[Opening Extracted information section]
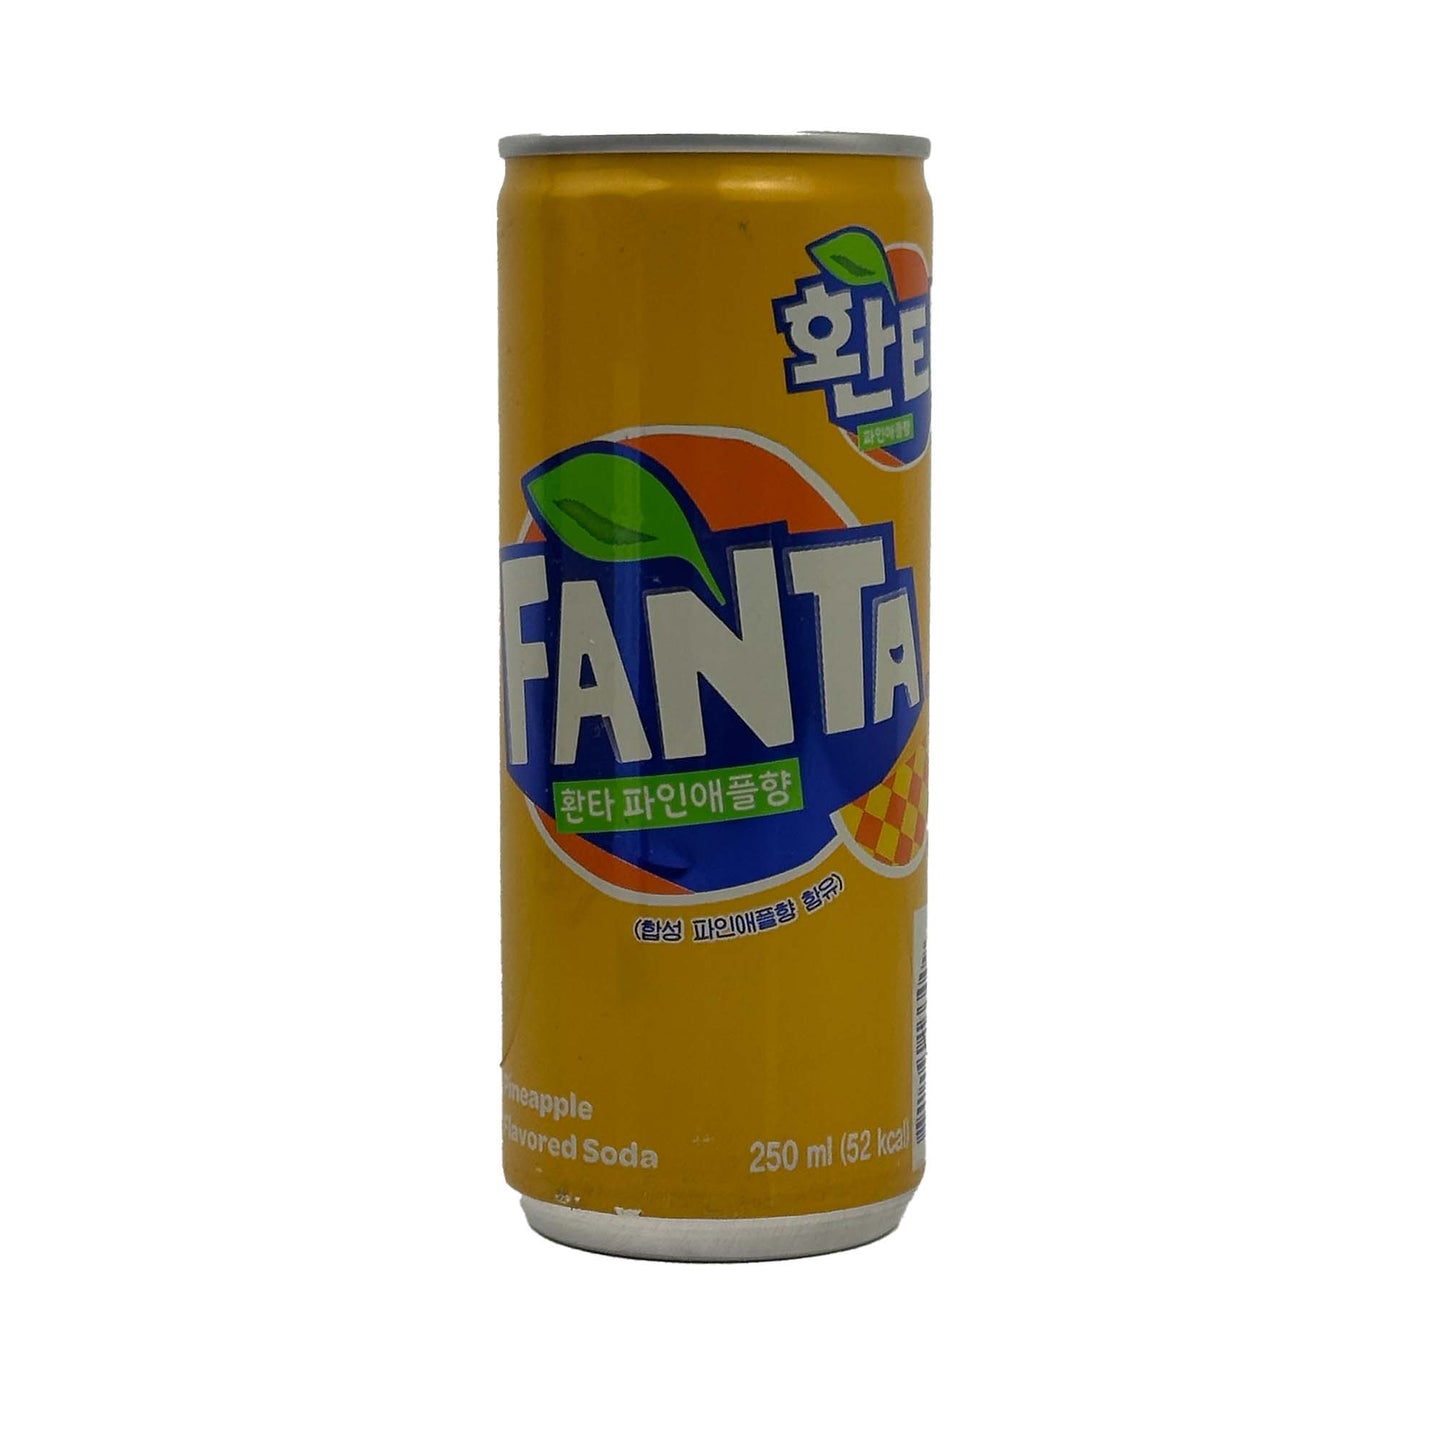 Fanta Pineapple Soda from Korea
[Closing Extracted information section]
[Opening Extracted information section]
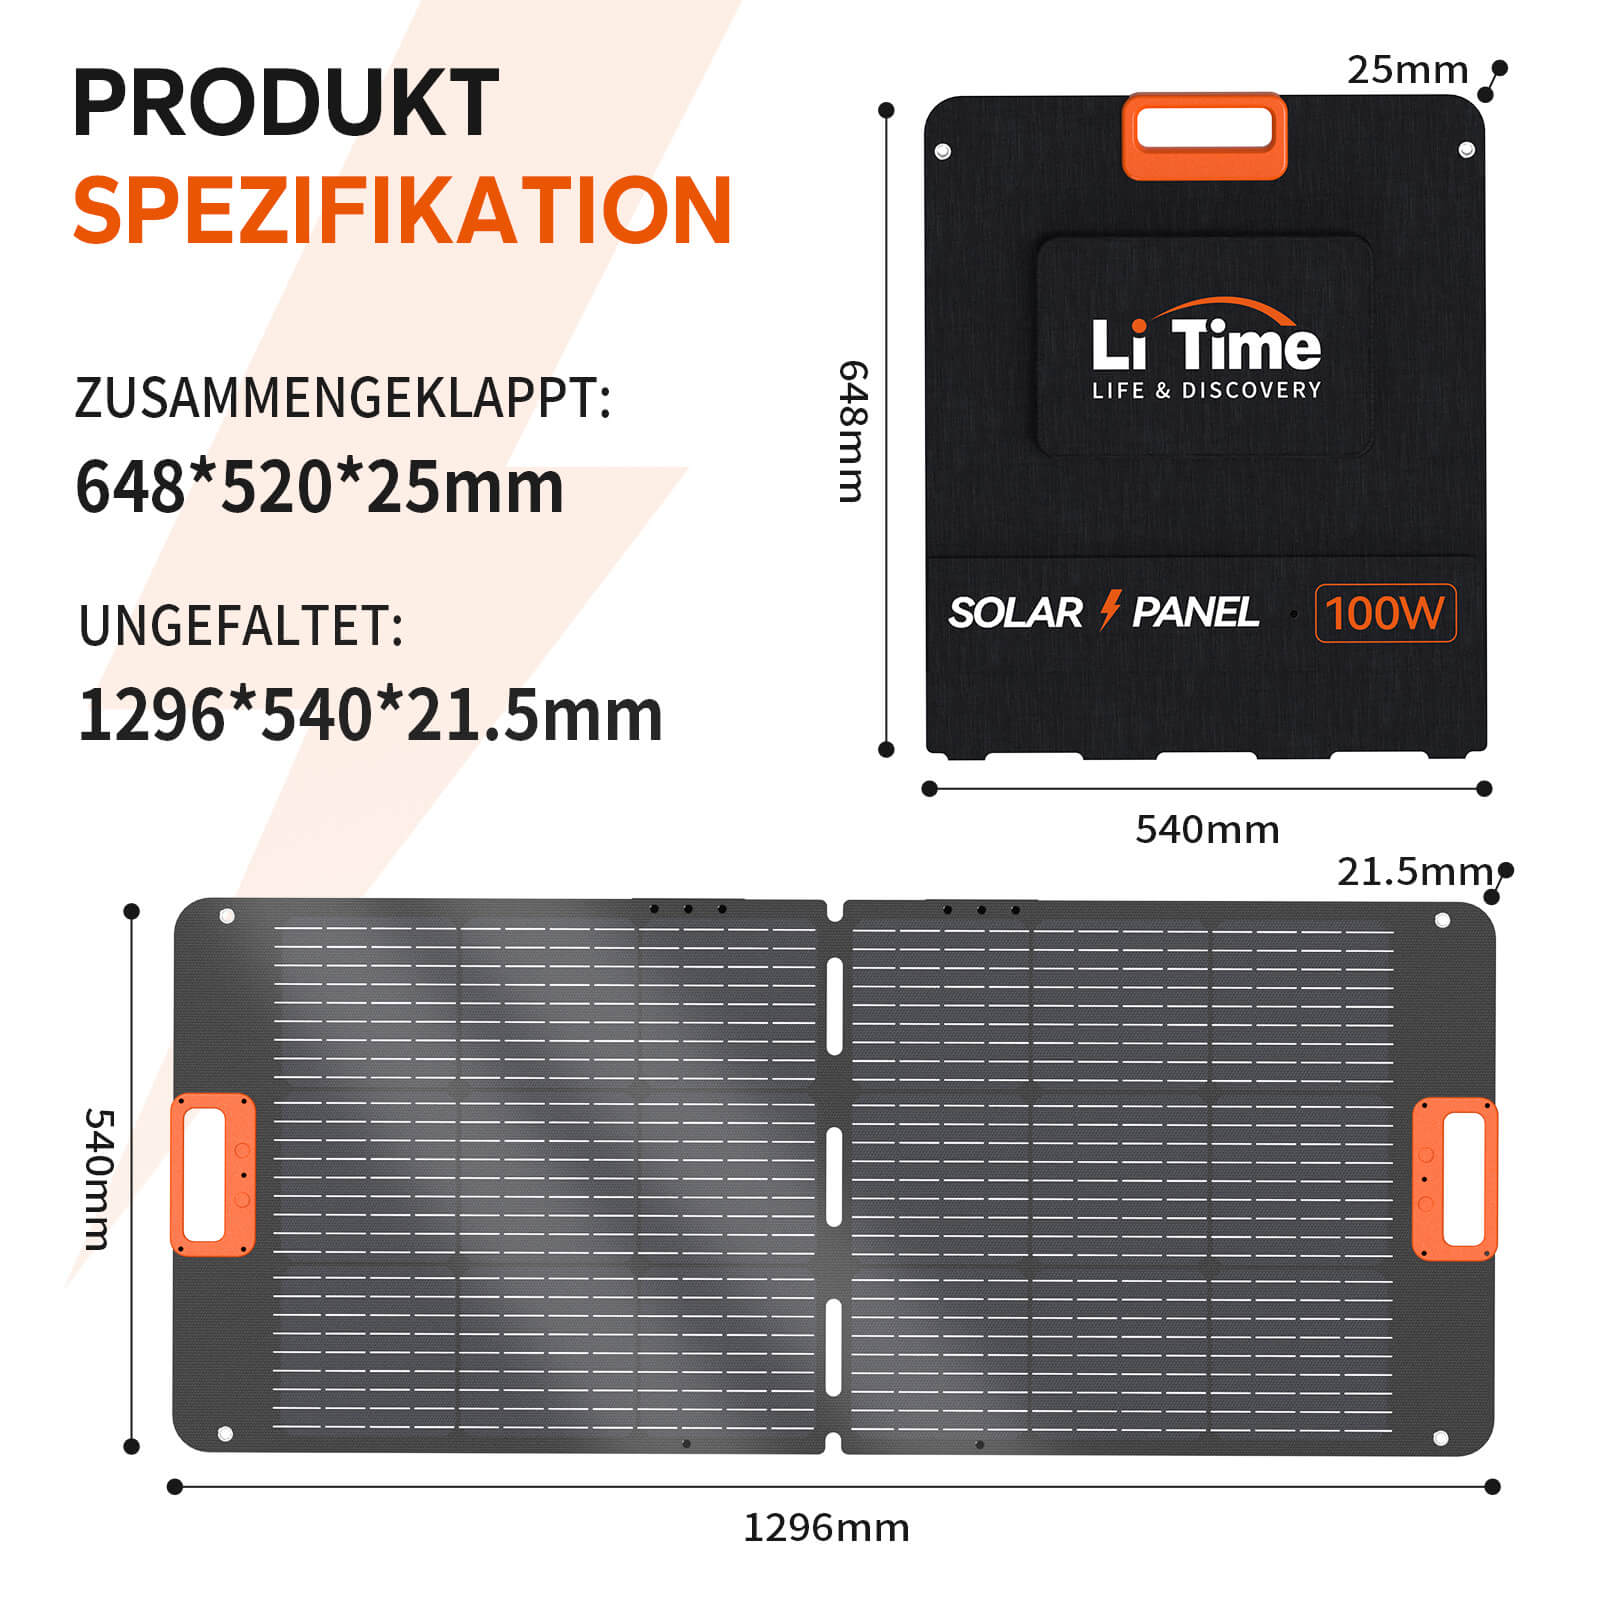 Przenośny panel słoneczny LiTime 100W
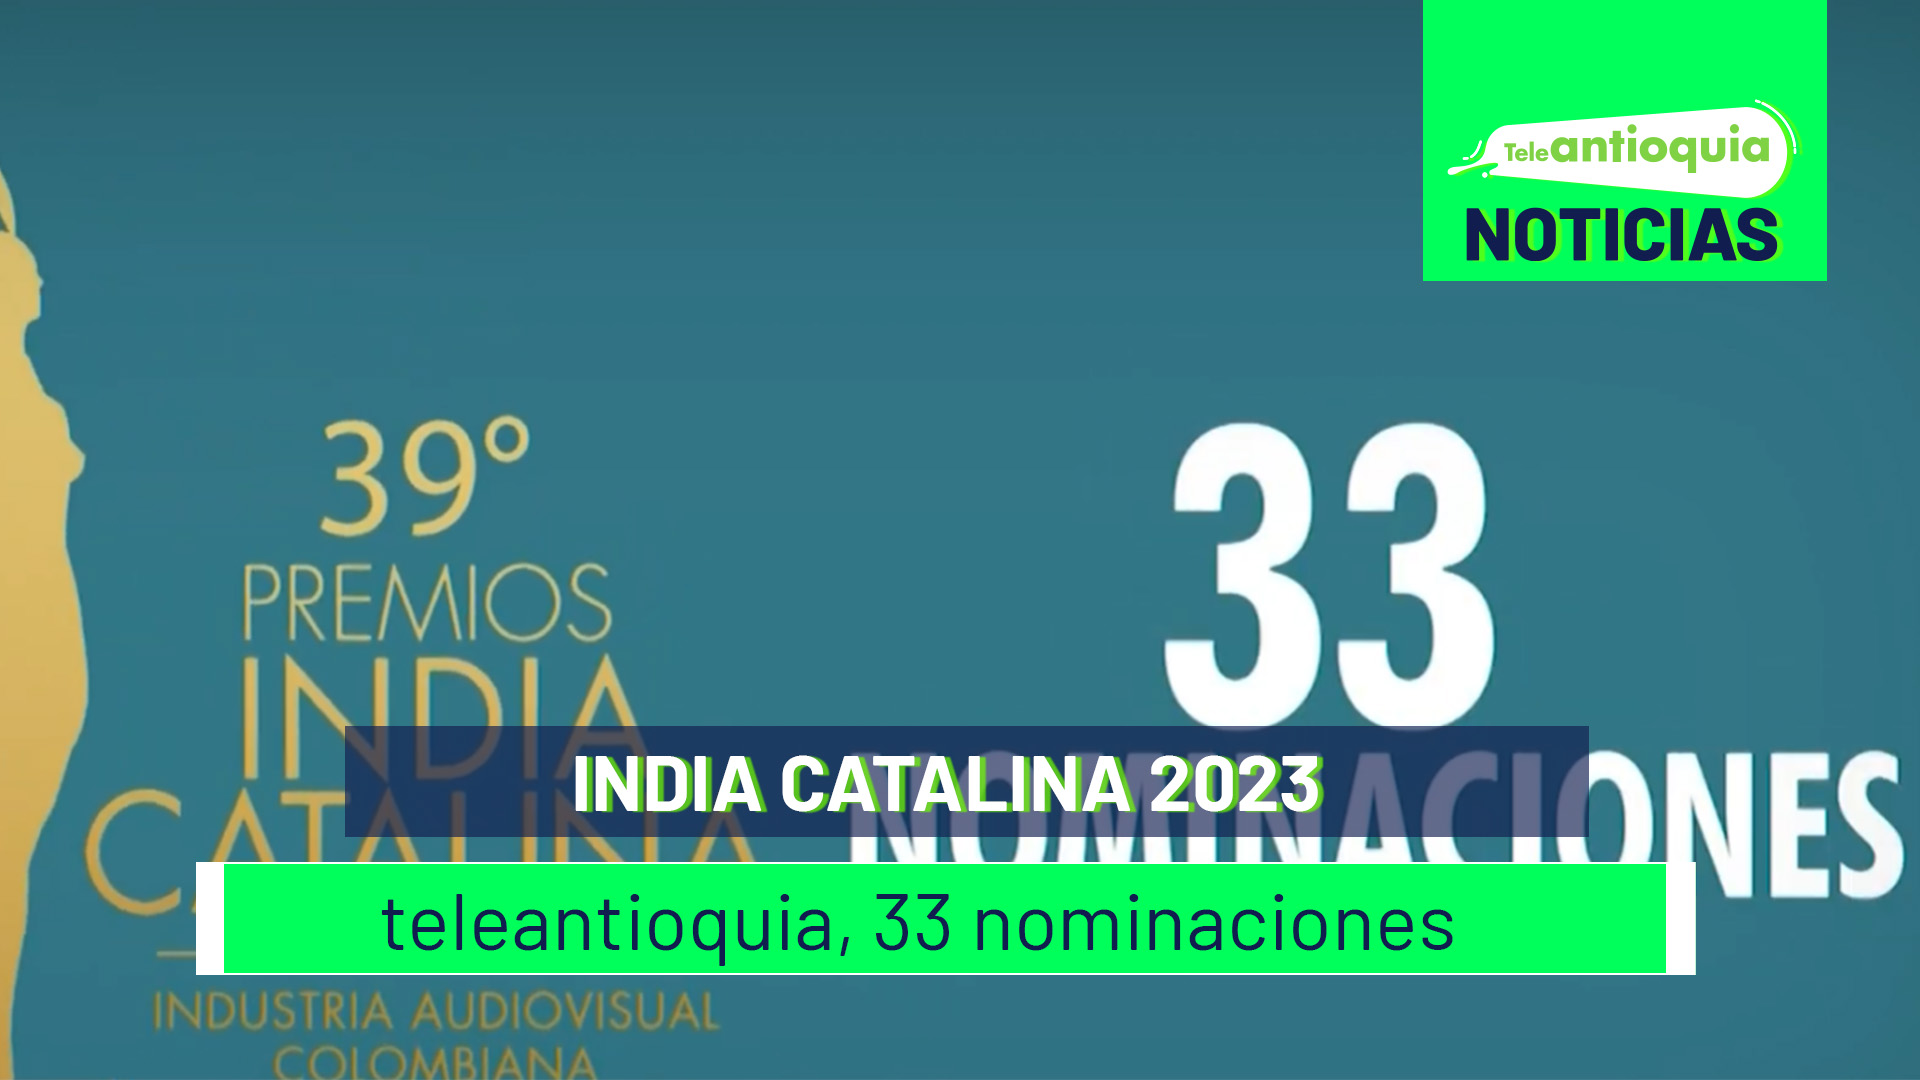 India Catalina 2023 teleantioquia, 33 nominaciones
[Closing Extracted information section]
• Task instructions
What belongs in the answer is each line above from the line with "Przenośny panel słoneczny LiTime 100W" to the line with "India Catalina 2023", inclusive, reproduced exactly and free of pictures.

• The completed task
 Przenośny panel słoneczny LiTime 100W
 India Catalina 2023 teleantioquia, 33 nominaciones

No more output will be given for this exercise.